🤖 AI Summary
GANs frequently suffer from poor generation quality and inadequate mode coverage on complex manifold data, primarily because the standard adversarial loss cannot eliminate regions of positive Lebesgue measure in the generated manifold that deviate from the true data manifold. This work provides the first theoretical characterization of this fundamental limitation and proposes Score-Matching Regularization (SMaRt), a plug-and-play technique that integrates a gradient-based regularizer—derived from an off-the-shelf pre-trained diffusion model’s approximate score function—into the GAN training objective to continuously pull generated samples toward the true data manifold. SMaRt is architecture-agnostic and compatible with mainstream GAN frameworks. On ImageNet 64×64, it reduces Aurora’s FID from 8.87 to 7.11—a level competitive with state-of-the-art single-step consistency models.

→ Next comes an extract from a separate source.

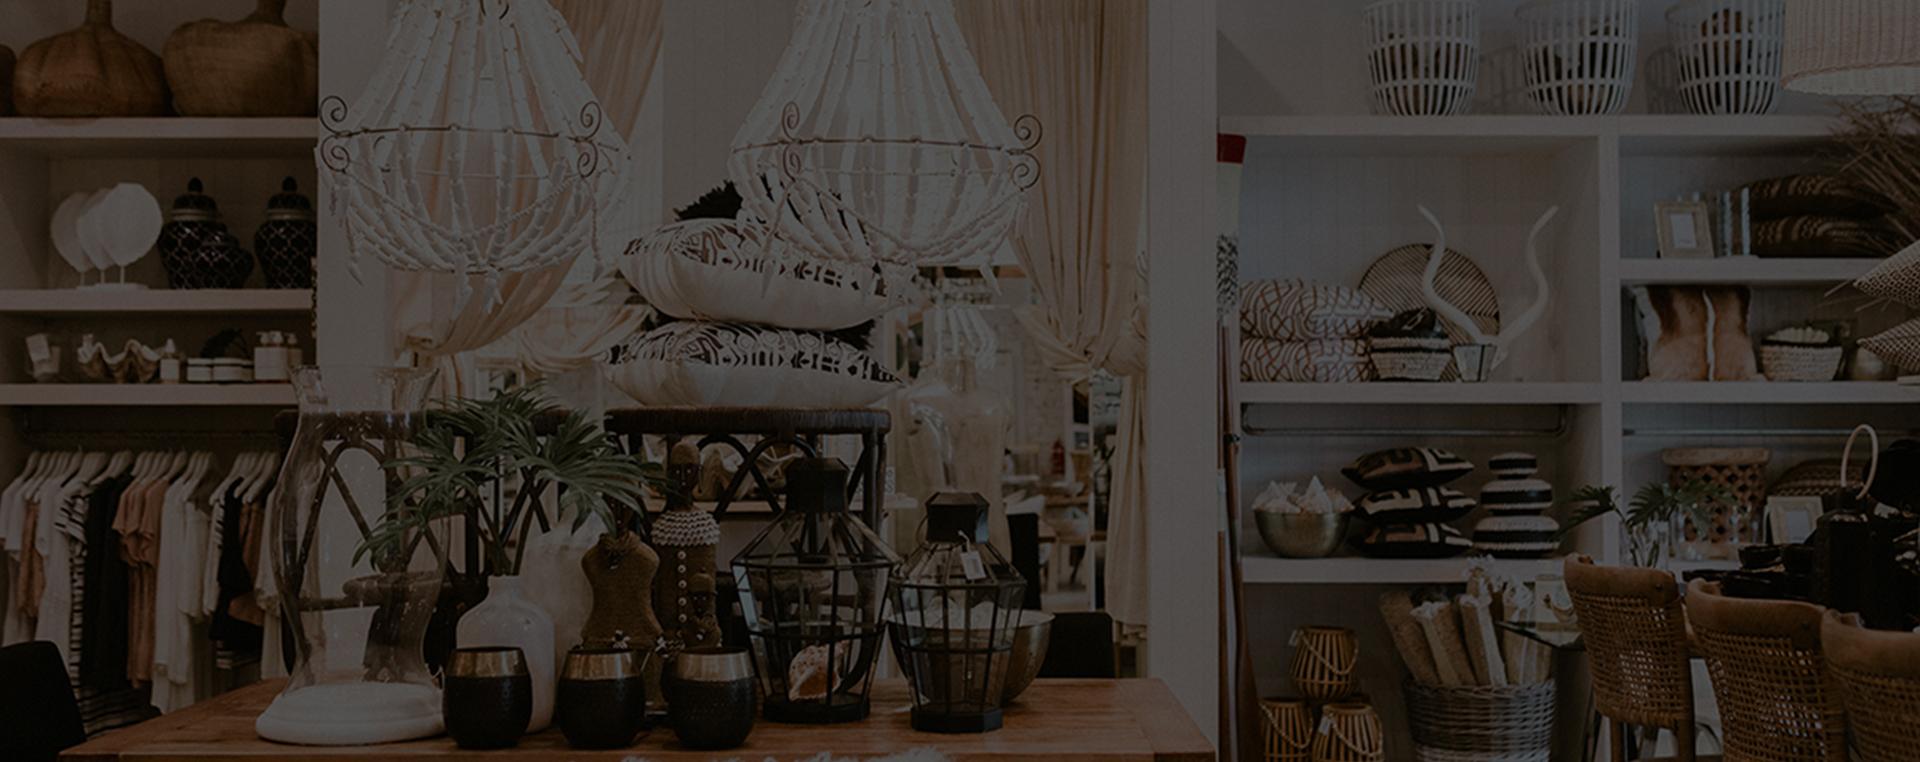 Homeware & Gift Shop

Extensive experiments across multiple benchmarks consistently demonstrate improved generation quality and diversity for leading GANs.
📝 Abstract
Generative adversarial networks (GANs) usually struggle in learning from highly diverse data, whose underlying manifold is complex. In this work, we revisit the mathematical foundations of GANs, and theoretically reveal that the native adversarial loss for GAN training is insufficient to fix the problem of subsets with positive Lebesgue measure of the generated data manifold lying out of the real data manifold. Instead, we find that score matching serves as a promising solution to this issue thanks to its capability of persistently pushing the generated data points towards the real data manifold. We thereby propose to improve the optimization of GANs with score matching regularity (SMaRt). Regarding the empirical evidences, we first design a toy example to show that training GANs by the aid of a ground-truth score function can help reproduce the real data distribution more accurately, and then confirm that our approach can consistently boost the synthesis performance of various state-of-the-art GANs on real-world datasets with pre-trained diffusion models acting as the approximate score function. For instance, when training Aurora on the ImageNet 64x64 dataset, we manage to improve FID from 8.87 to 7.11, on par with the performance of one-step consistency model. The source code will be made public.